§ **WORK TASK**: A word-for-word copy of the lines below, starting at the line with "powersutra-floral-lightweight-cotton-open-front-jacket" and ending at the last one, is what you should give. Omit every picture.

§ **COLLECTED DATA**:
========================================================================

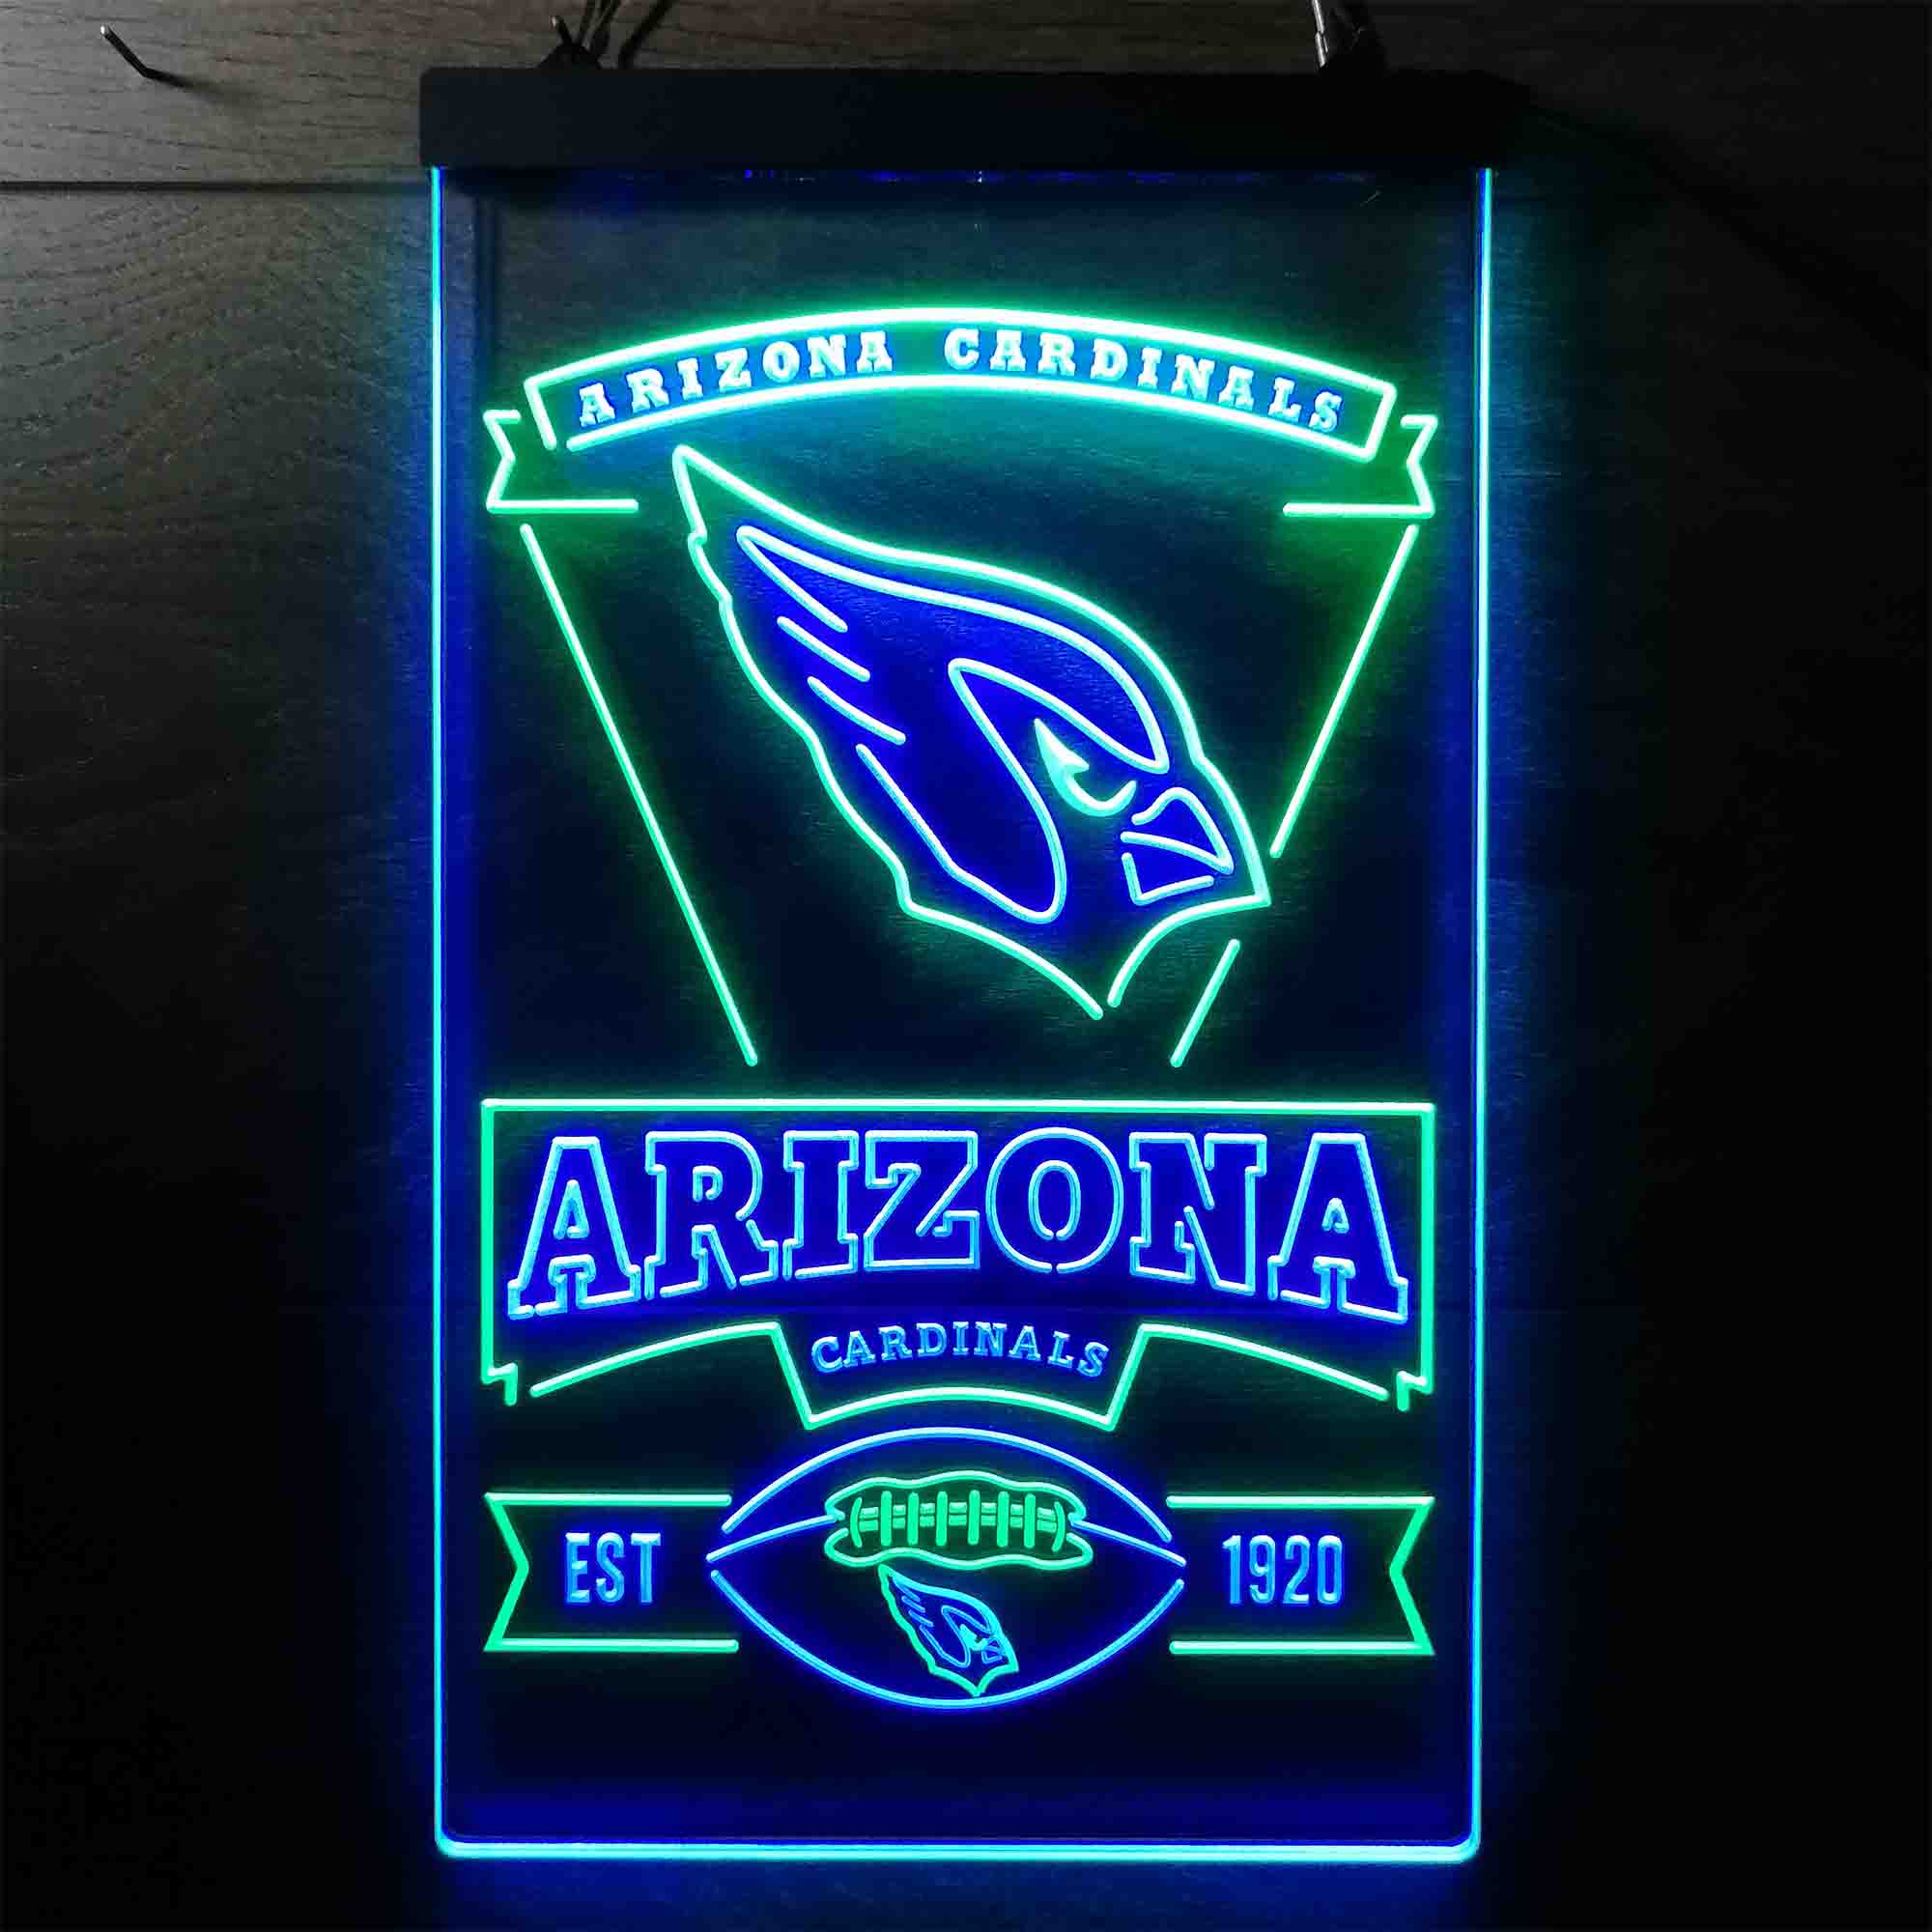 Arizona Cardinals Est. 1920 Neon-Like LED Sign
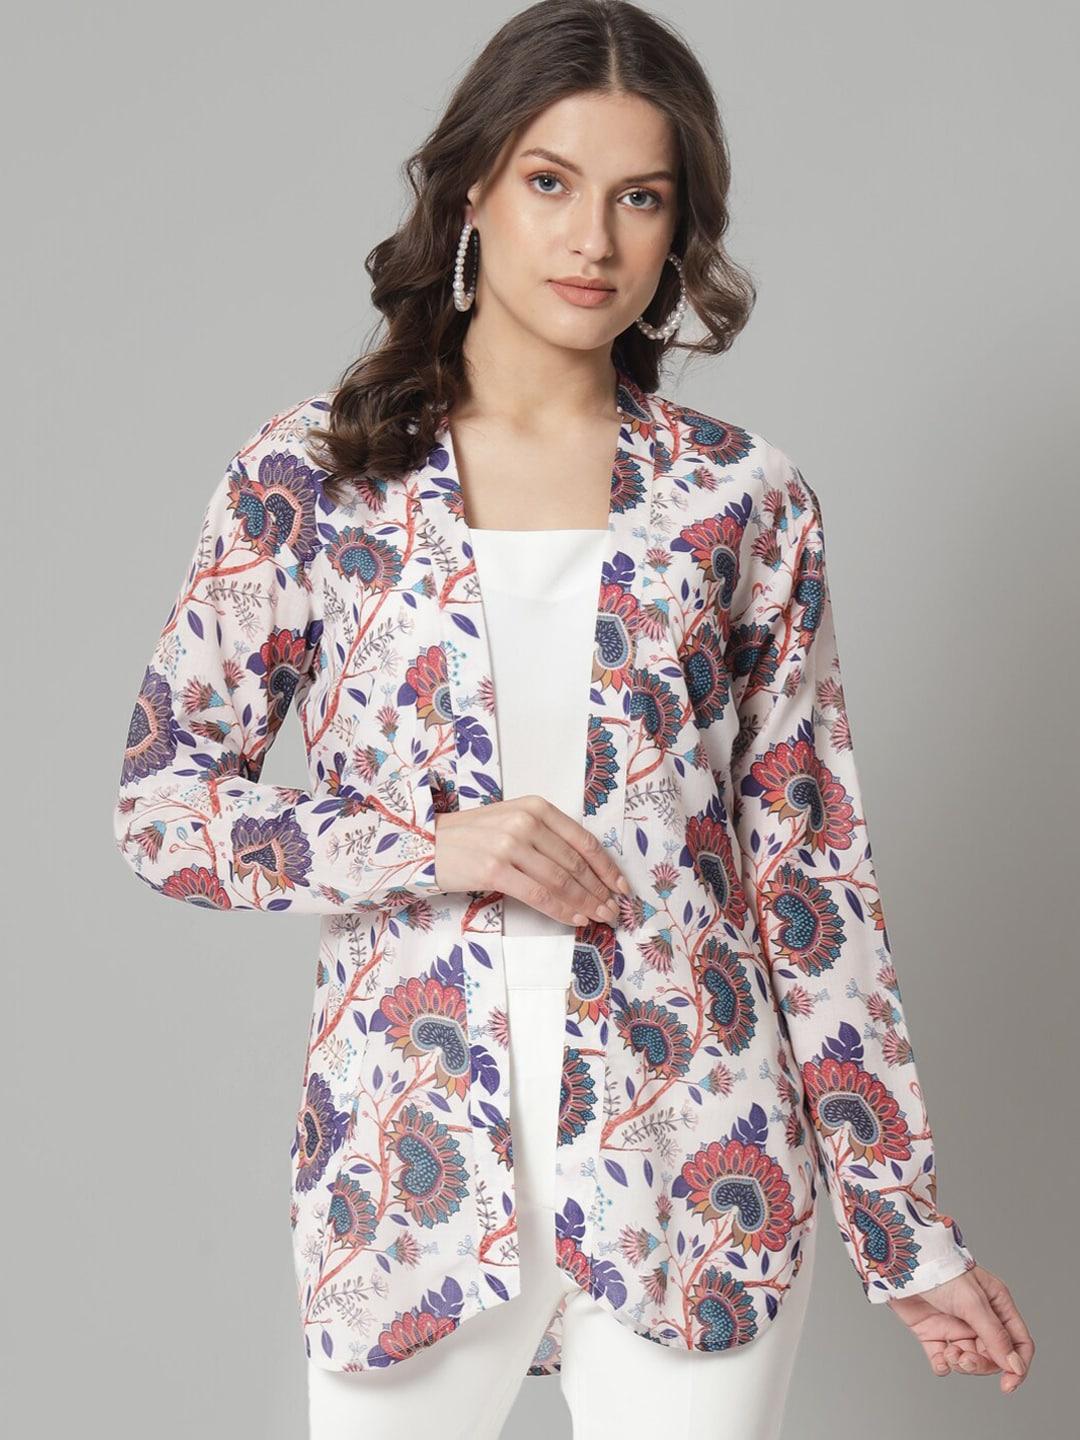 powersutra-floral-lightweight-cotton-open-front-jacket
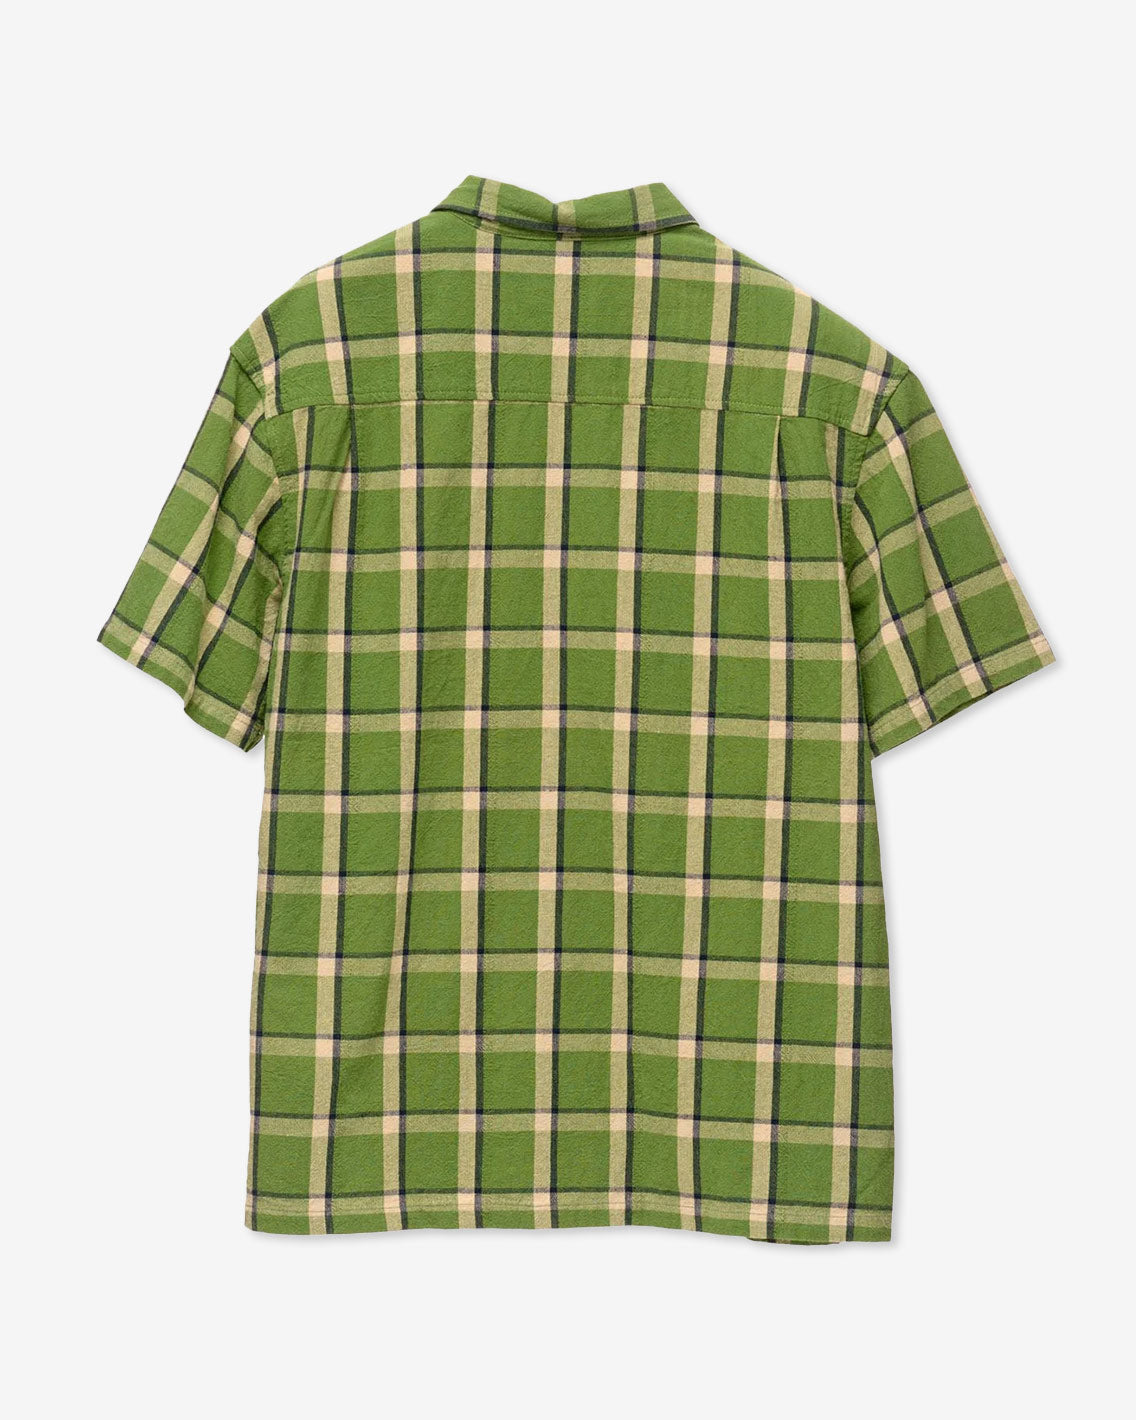 Stussy - Burke Pocket Shirt - Green

========================================================================

§ **ANSWER**:
 powersutra-floral-lightweight-cotton-open-front-jacket
 Stussy - Burke Pocket Shirt - Green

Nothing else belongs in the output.